Animated Map (2005), reconstructs each individual piece of a cutting pattern for a WW1 military uniform in chronological sequence. The title of the film bears direct reference to animated cartographic imagery, frequently used during WW1 to render battles cinematographically. The act of automatic tracing therefore connects the creation of abstract pictorial language at the beginning of the 20th Century with the systematisation of the industrial and military sector. The absent figure of the soldier itself becomes an autonomous cartography, locating the logic of industrial production close to that of the cinematographic apparatus.
EI335721443JP (2009) is the reference number for Yuzen Hiinagata (1688), a 17th Century book in four volumes on kimono patterns, held at the Tenri Central Library in Japan. The patterns contained in the book illustrations are represented as simplified line drawings, the original forms fragmented and reconstituted in new sequences to reflect specific typologies.

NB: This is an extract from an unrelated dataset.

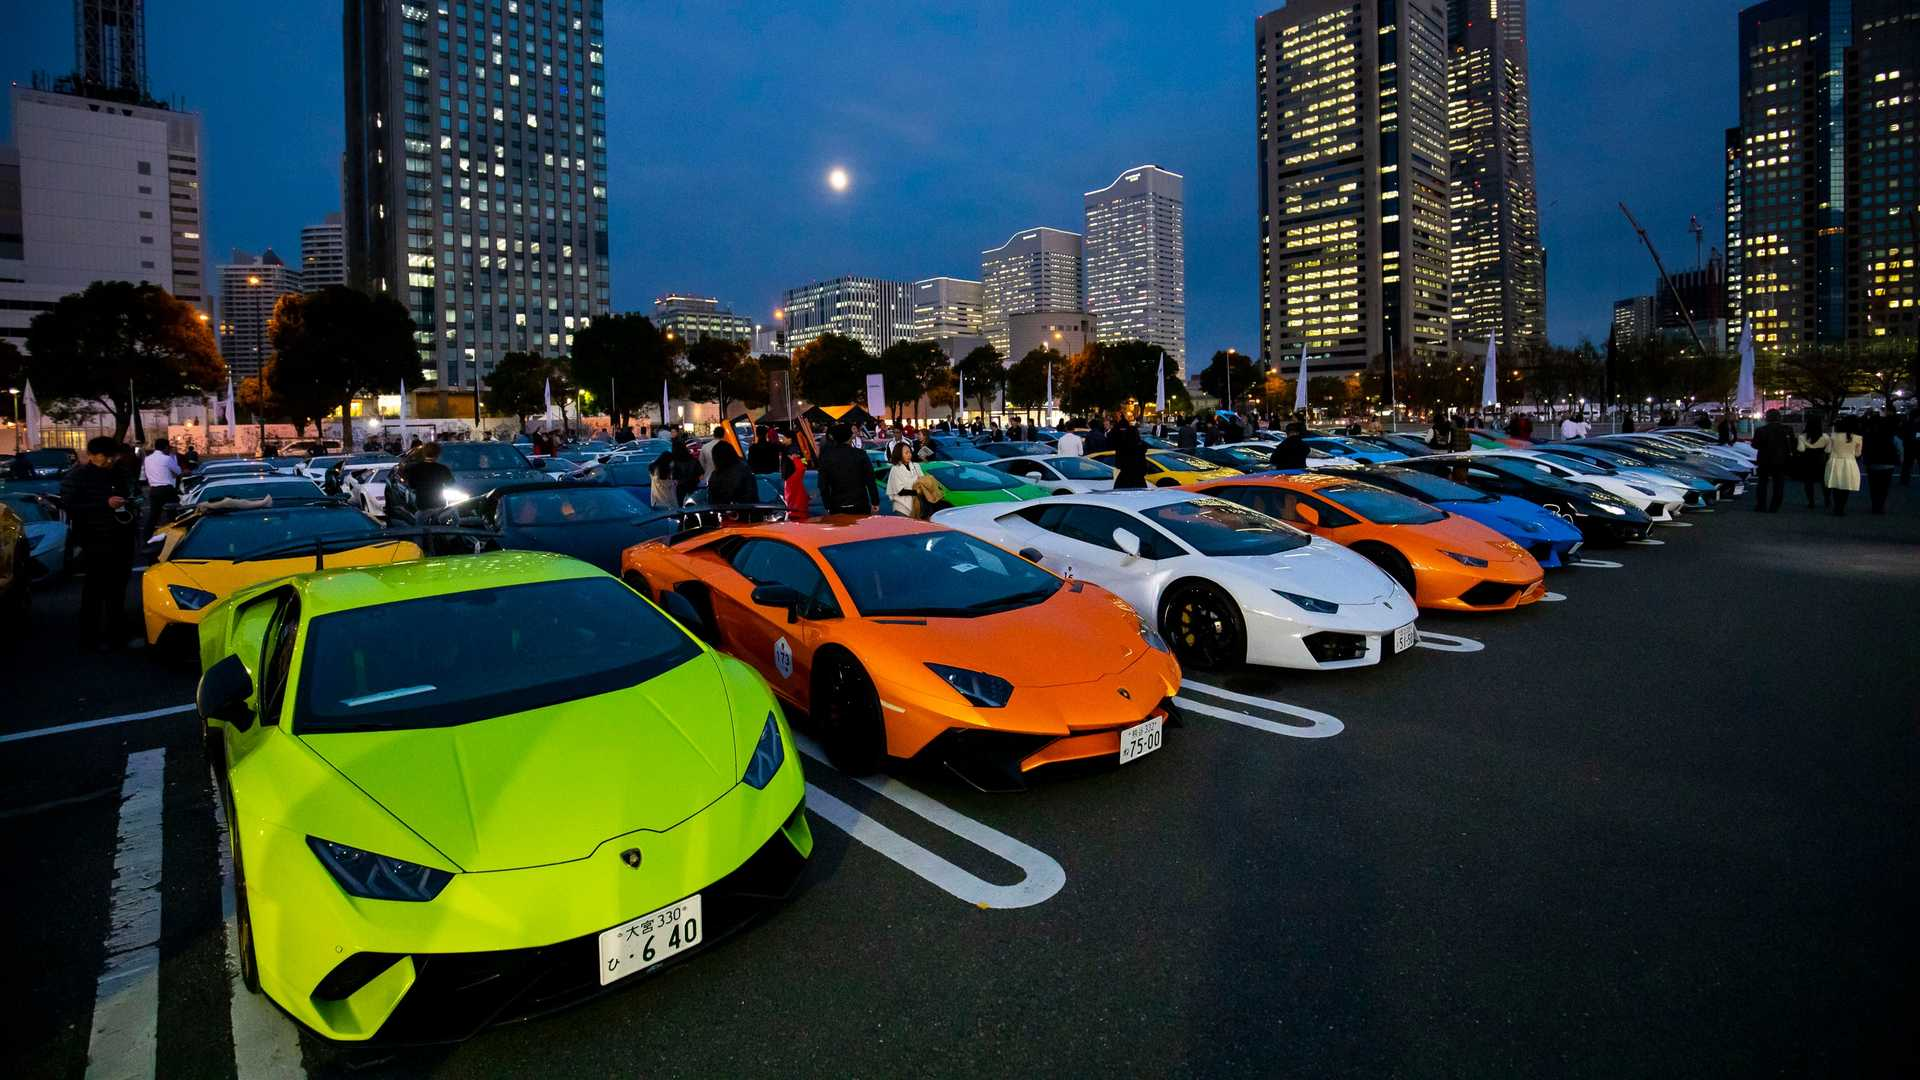 Lamborghini Day Japan Brings 200-Supercar Parade To Yokohama 300a2f935e79
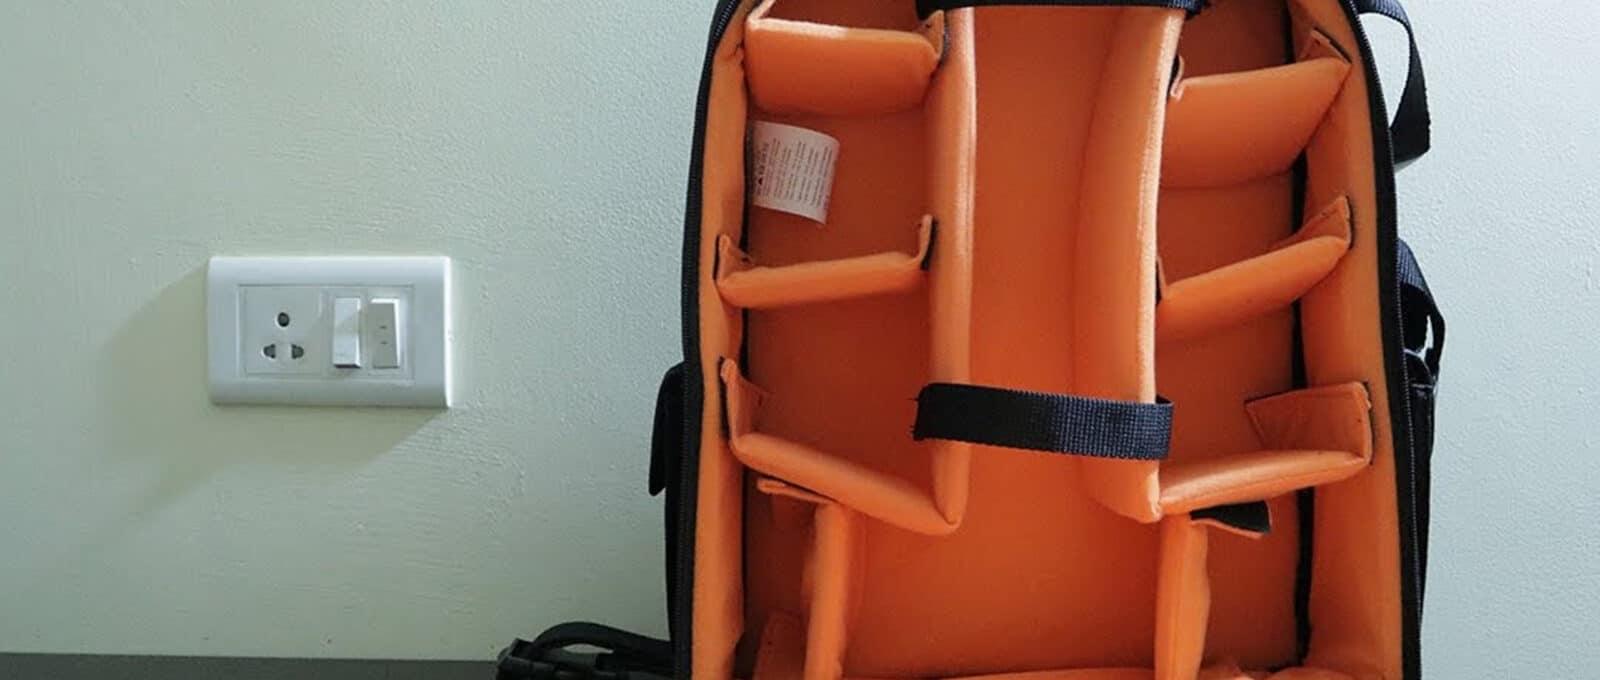 amazonbasic dslr backpack

The third film in the sequence, Tract (2011), engages with early forms of dance notations and their relationship to figure, movement and space. The coloured background projects an abstract area for action or movement on the otherwise empty gallery wall, while elementary symbols and animated lines define the figure and its movement trajectory, which in early Baroque dance notation were called ‘tracts’.
Pumhösl configures the exhibition as a projection space, where the films are accompanied by new wall based works. Systems of graphic notations are reproduced in a vitrine, containing early cutting patterns and original dance notations by Zorn and Laban. By bringing historical elements into the fabric of his own work, Pumhösl creates a system of references within the exhibition display itself, reflecting on the language of abstraction both as a visual manifestation and as the informing principle of social organisation at the outset of modernity, which appears in the different subjects the films are based on.